UOA
is UDP Option of Address, the idea comes from TOA
of LVS
. UOA
is used to retrieve real source IP/port of UDP packets, for the scenario source IP/port are modified by middle boxes (like load balancer or LB
).
There's no option field for UDP header, why UDP Option ? Yes, actually we use private IP option instead, while only UDP codes check that option.
In this doc, always assuming the UOA sender is
LB
(configured with FullNAT) and receiver is Real Server (RS
).
The original client IP/port is "real IP/port", and the IP/port after translation, is translated IP/port. Translated IP/port is the source IP/port for the packets seen by RS.
Just write down some considerations when design. Pls read the codes for any details.
The program running on RS need no or little code change. User need to install uoa.ko
on RS, while the uoa.ko
must be uninstalled without any side-effect.
The target WAS no code change for user program, and only need uoa.ko
. But for the the factors,
-
UDP is connectless
One UDP socket can be used to communicated with different peers (without
connect
). Thus,sock{}
is not combined with '5-tuples', means it cannot be leveraged to save real IP/port as what's done inTOA
. -
No way to get packet back to LB
Further more, if we pass real client IP/port to user, e.g., by recvfrom(2), then the user program have no idea to send packet back to translated IP/port (aka
LIP/lport
forFullNAT
). It breaks the LB function.
So we introduced an new socket option for user to get real Client IP/port.
Support UOA
on both side of LB (DPVS
/LVS
) and RS should not hurt the performance. To achieve this,
- Not all UDP/IP packets of an "session" should contain
UOA
option. - Less packet bytes are copied by choosing head-end or tail-end moving.
UDP/IP is not reliable, UOA
should try best effert for the reliability to get real source IP/port.
- LB send
UOA
option when forwarding packet to RS and only for new UDP connection, - LB send
UOA
option until ACK from RS is seen for that connection or max trails reached. - LB send
UOA
option by inserting option to original packet if possilble. - LB send
UOA
by using 'empty-payload' packet if original has no room forUOA
. - RS echo
UOA
as ACK. (Needn't waiting user packets to client to "bring" the ACK). - "ACK" packet is also an 'empty-payload' with echoed
UOA
option, and must NOT be forwarded to client.

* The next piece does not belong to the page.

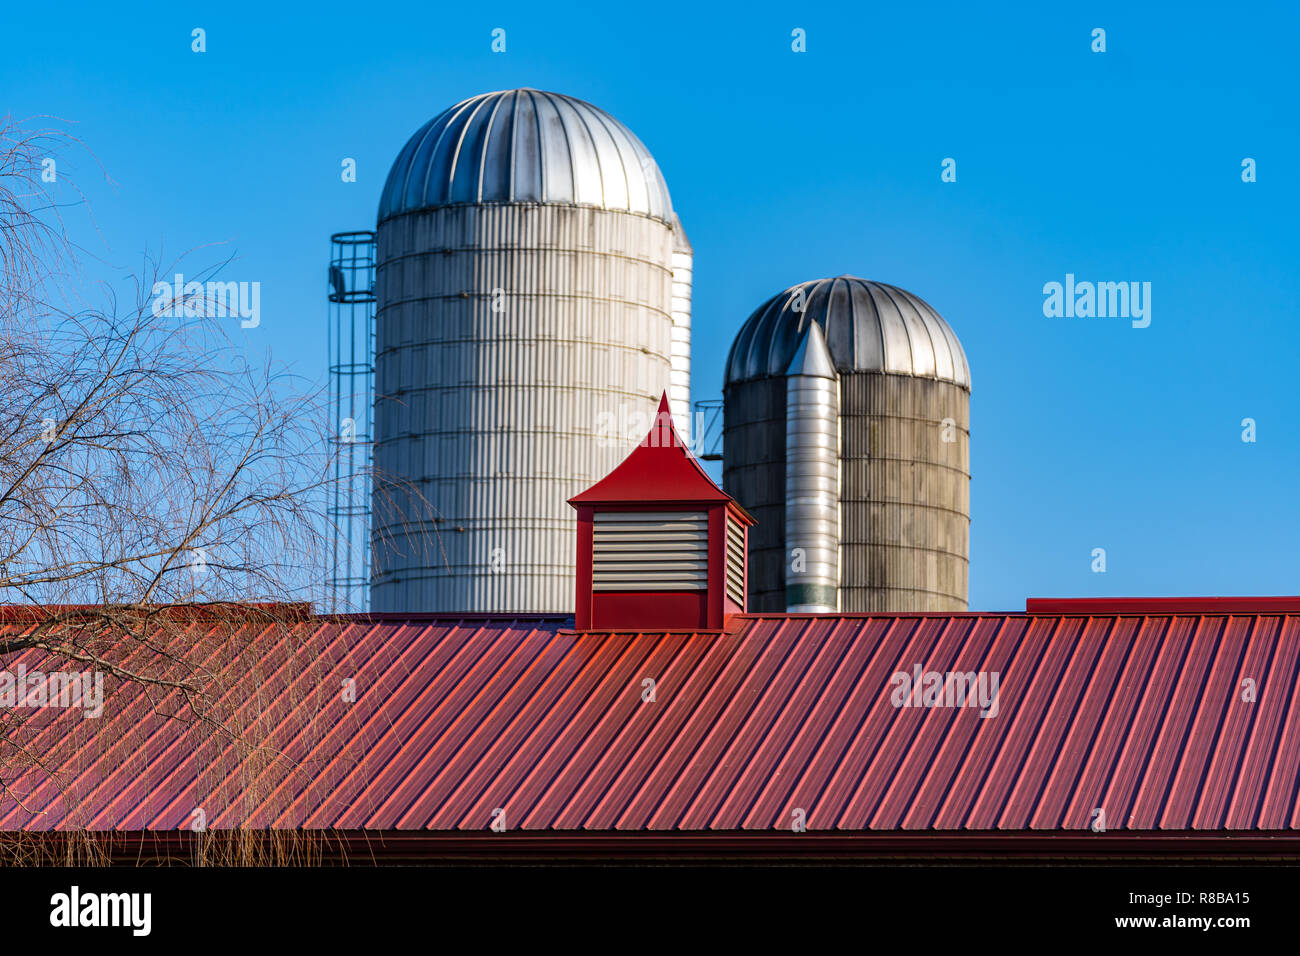 Bauernhof Silos stand in der Nähe eines roten Scheune Dach. Stockfoto

Let's keep it simple, no sequence number reordering, no timer, no TCP like "retrans". Note "ACK" is not supported for this version, so "max-trails" is used for new UDP "session".
UDP/IP has no guarantee of the order of packets. There's a "race condition" that RS receive the UDP packet without uoa
option ahead to the packet with UOA
. In that case, before first UOA
received, there's a small window, user calling getsockopt
may fail to get the real client IP/port. The implement just try to avoid that "race", but no guarantee, we don't want to queue the packets and reorder them, it make things too complicated.
The "race" is really a small probability, in IDC internal network.
Some packets are not "qualified" to insert private UOA
option because no room available,
- There's no room in IP option field.
- The length of packet will exceed MTU if
UOA
inserted.
To address these issues, we introduce empty payload UDP packet for UOA option only. And this empty-payload packet with UOA
is always be sent ahead to the original packet with no room for UOA, in order to "trying avoid" race condition mentioned above. Here we must use UDP instead of "empty" IP packets, for the session matching reason.
The Statistics must be sufficient, easy to fetch and not affect the performance. So that we are able to debug, diagnostic the possible issues easier, especially on production environment.
Since IP option is used, actually it's possilble to compatible with TCP. Then we can use only one kernel module. However TOA
is widelly used, and sock{}
is OK to save TOA
, that make TOA
codes more simple. So let't hold this idea.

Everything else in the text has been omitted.